Keely Shaw

Personal information
- Born: July 18, 1994 (age 31) Midale, Saskatchewan, Canada

Team information
- Discipline: Track cycling

Medal record
Women's track cycling
Representing Canada
Paralympic Games
| Bronze medal – third place | 2020 Tokyo | Individual pursuit C4 |
| Bronze medal – third place | 2024 Paris | Individual pursuit C4 |
Track World Championships
| Silver medal – second place | 2019 Apeldoorn | Individual pursuit C4 |
| Silver medal – second place | 2023 Glasgow | Individual pursuit C4 |
| Bronze medal – third place | 2024 Rio de Janeiro | Individual pursuit C4 |
Road World Championships
| Bronze medal – third place | 2022 Baie-Comeau | Time trial C4 |
| Bronze medal – third place | 2022 Baie-Comeau | Road race C4 |
| Bronze medal – third place | 2023 Glasgow | Time trial C4 |
Parapan American Games
| Silver medal – second place | 2023 Santiago | Individual pursuit C4–5 |

= Keely Shaw =

Canadian cyclist (born 1994)

Keely Shaw (born July 18, 1994) is a Canadian track cyclist. She represented Canada at the 2020 and 2024 Summer Paralympics.

==Early life and education==
Shaw was born on July 18, 1994 to parents Carol and Greg Toles. She grew up on a farm in Midale, Saskatchewan. At age 15 in 2009, she was involved in a horse-riding accident resulting in partial paralysis on her left side. She became interested in parasport in university.

Shaw graduated from University of Saskatchewan with a bachelor's degree in kinesiology in 2016. She then went on to complete a master's degree at the University of Saskatchewan in the area of exercise physiology and sport nutrition with a thesis titled "The Effect of Dark Chocolate on Metabolism and Performance in Trained Cyclists at Simulated Altitude". She continued her education with a Ph.D., also at the University of Saskatchewan in exercise physiology and sport nutrition with a special focus on sport nutrition for special populations, namely female, master's, and Paralympic athletes. Shaw defended her thesis in December 2023.

==Career==
Shaw began her cycling career in May 2017, competing in road race in Moose Jaw, and winning her first medal at a national championship a year later. She made a quick jump to the National team, earning a 5th place in the Individual pursuit in the women's C4 category at Paracycling Track World Championships in 2018 before earning her first World Championship podium in 2019 at the UCI Para-cycling Track World Championships. In 2021, she made her Paralympics debut, where she won a bronze medal in the individual pursuit C4 event with a time of 3:48.342 She was named the Sask Sport Female Athlete of the Year Award for 2021.

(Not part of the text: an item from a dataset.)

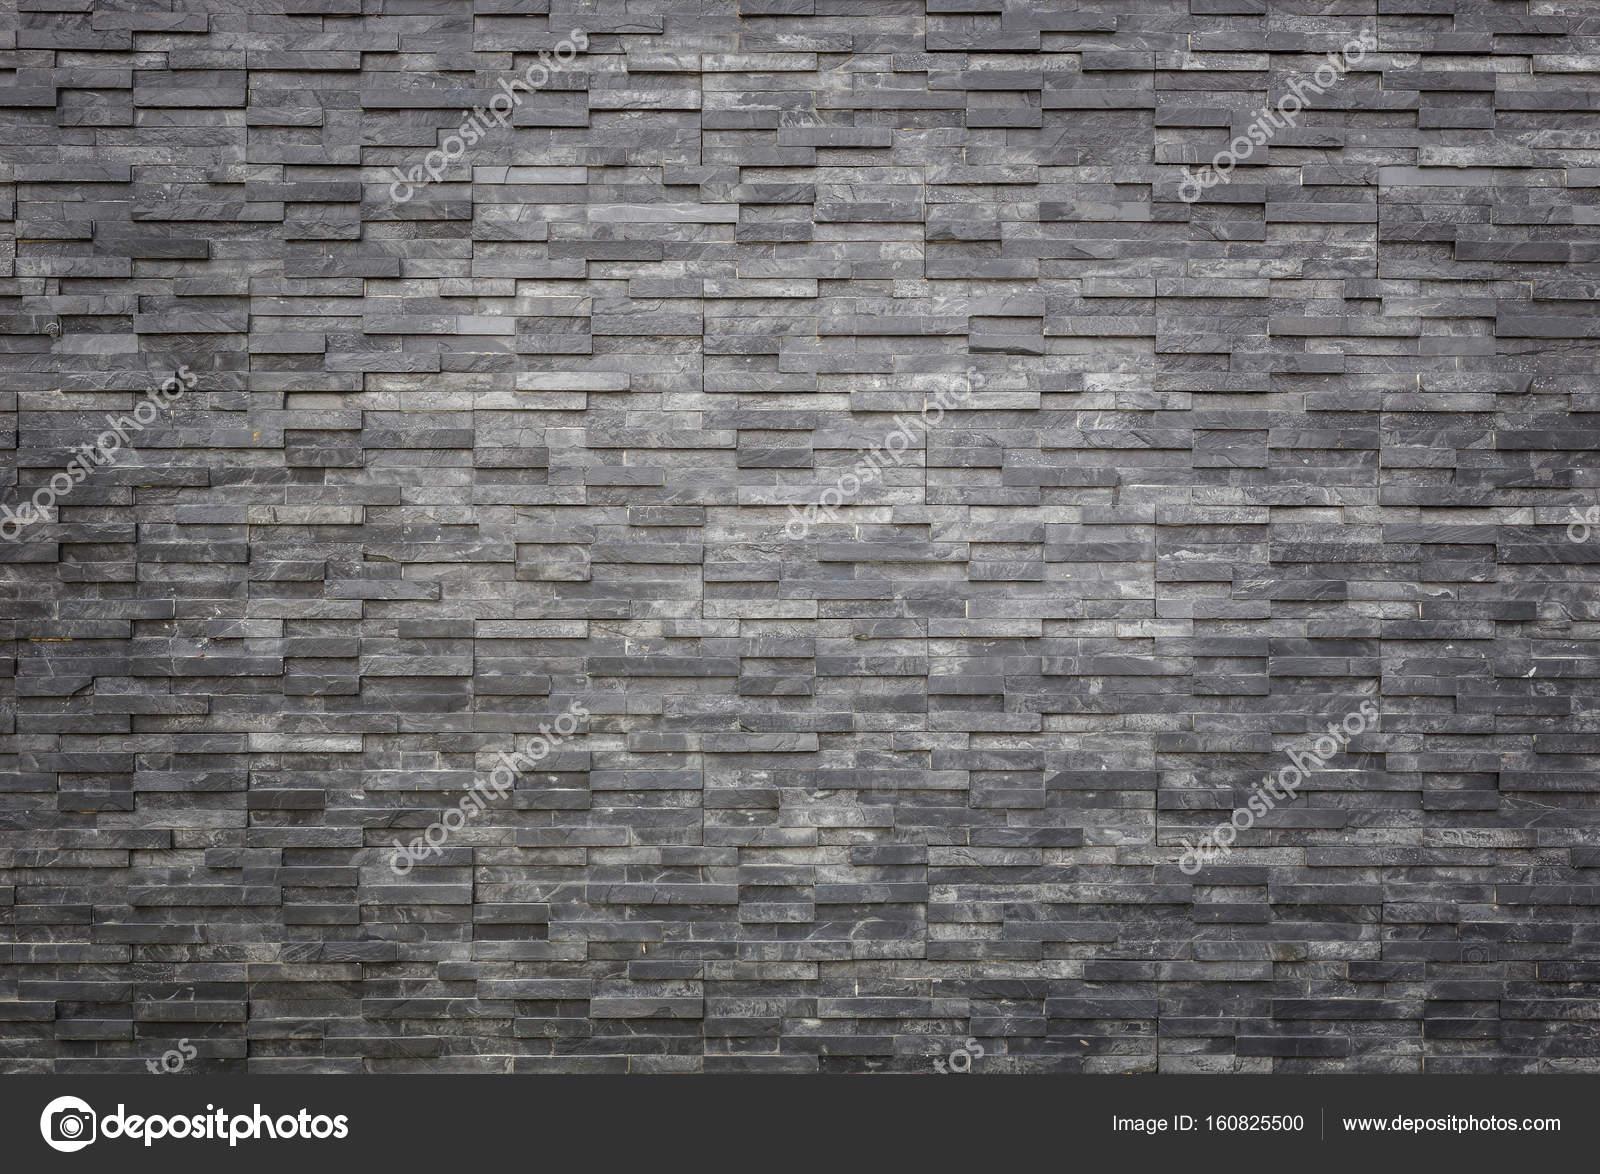 Motif De La Texture De Mur Du0027ardoise Noire Et Lu0027arrière Plan. Intérieur Ou  Décoration Extérieure U2014 Image De PhanuwatNandee
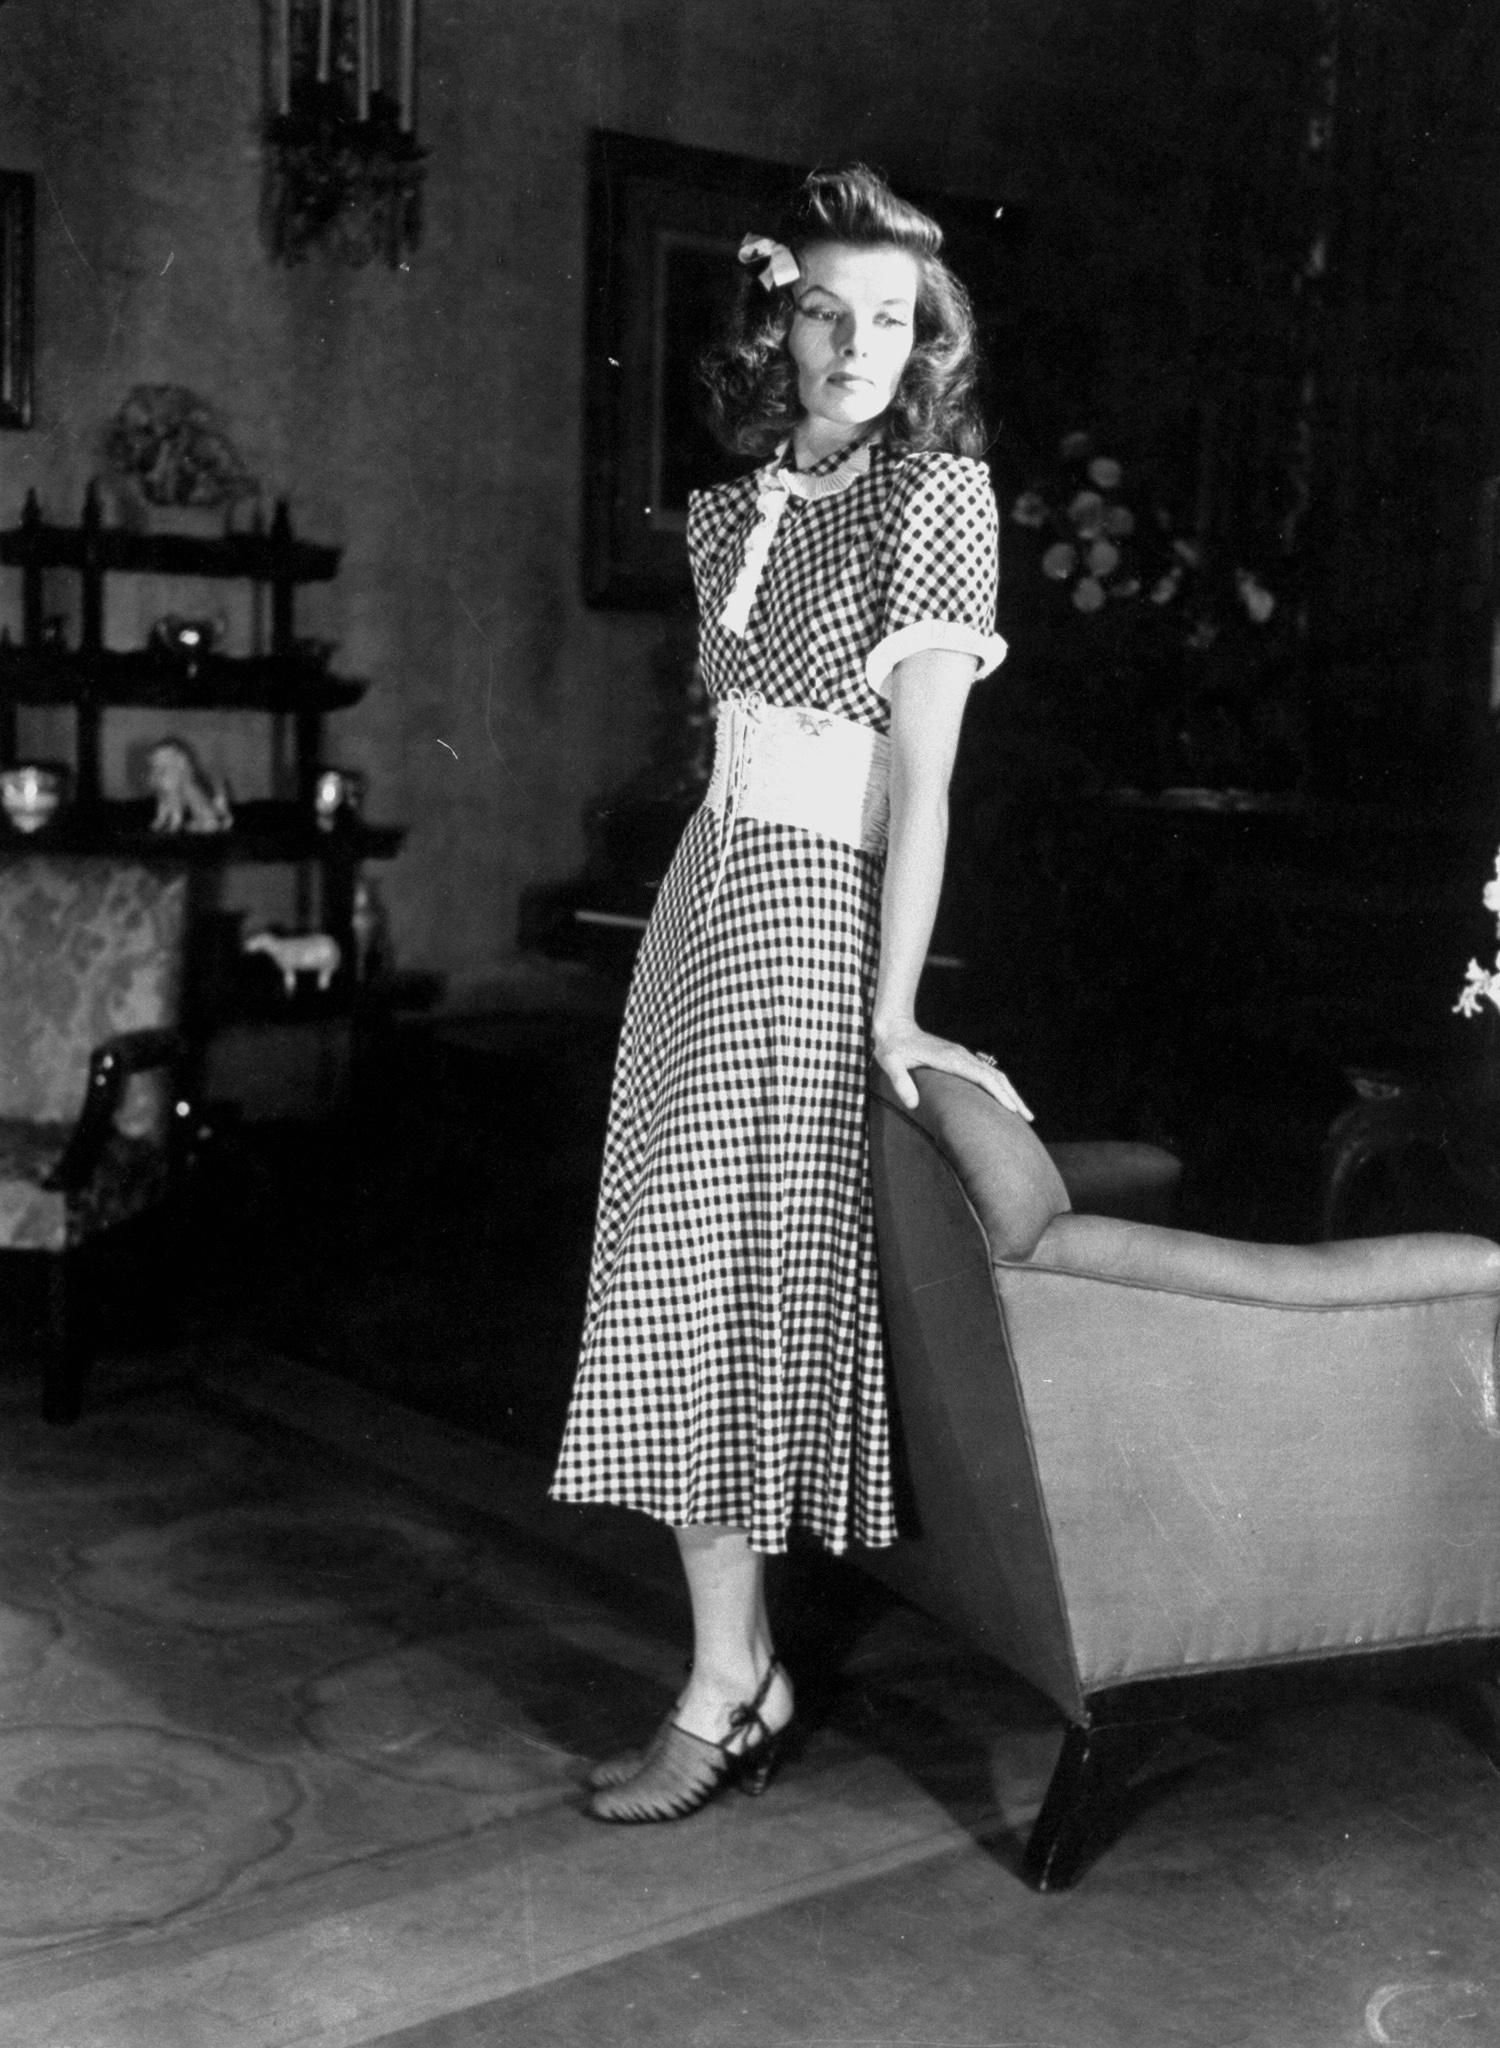 Photo by A. Eisenstaedt, 1939

Shaw won two bronze medals at the 2022 UCI Para-cycling Road World Championships, one in the women's C4 70.2-kilometre road race and one in the women's C4 time trial. At the 2023 UCI Para-cycling Road World Championships, Shaw won bronze in the women's C4 individual time trial. She won silver in the women's C4 individual pursuit at the 2023 UCI Para-cycling Track World Championships. At the 2024 UCI Para-cycling Track World Championships, she won a bronze medal in the women's C4 individual pursuit. She placed ninth in the 500m time trial.

Shaw was selected to compete in para-cycling for Canada at the 2024 Summer Paralympics, and won a bronze medal in the individual pursuit C4 event.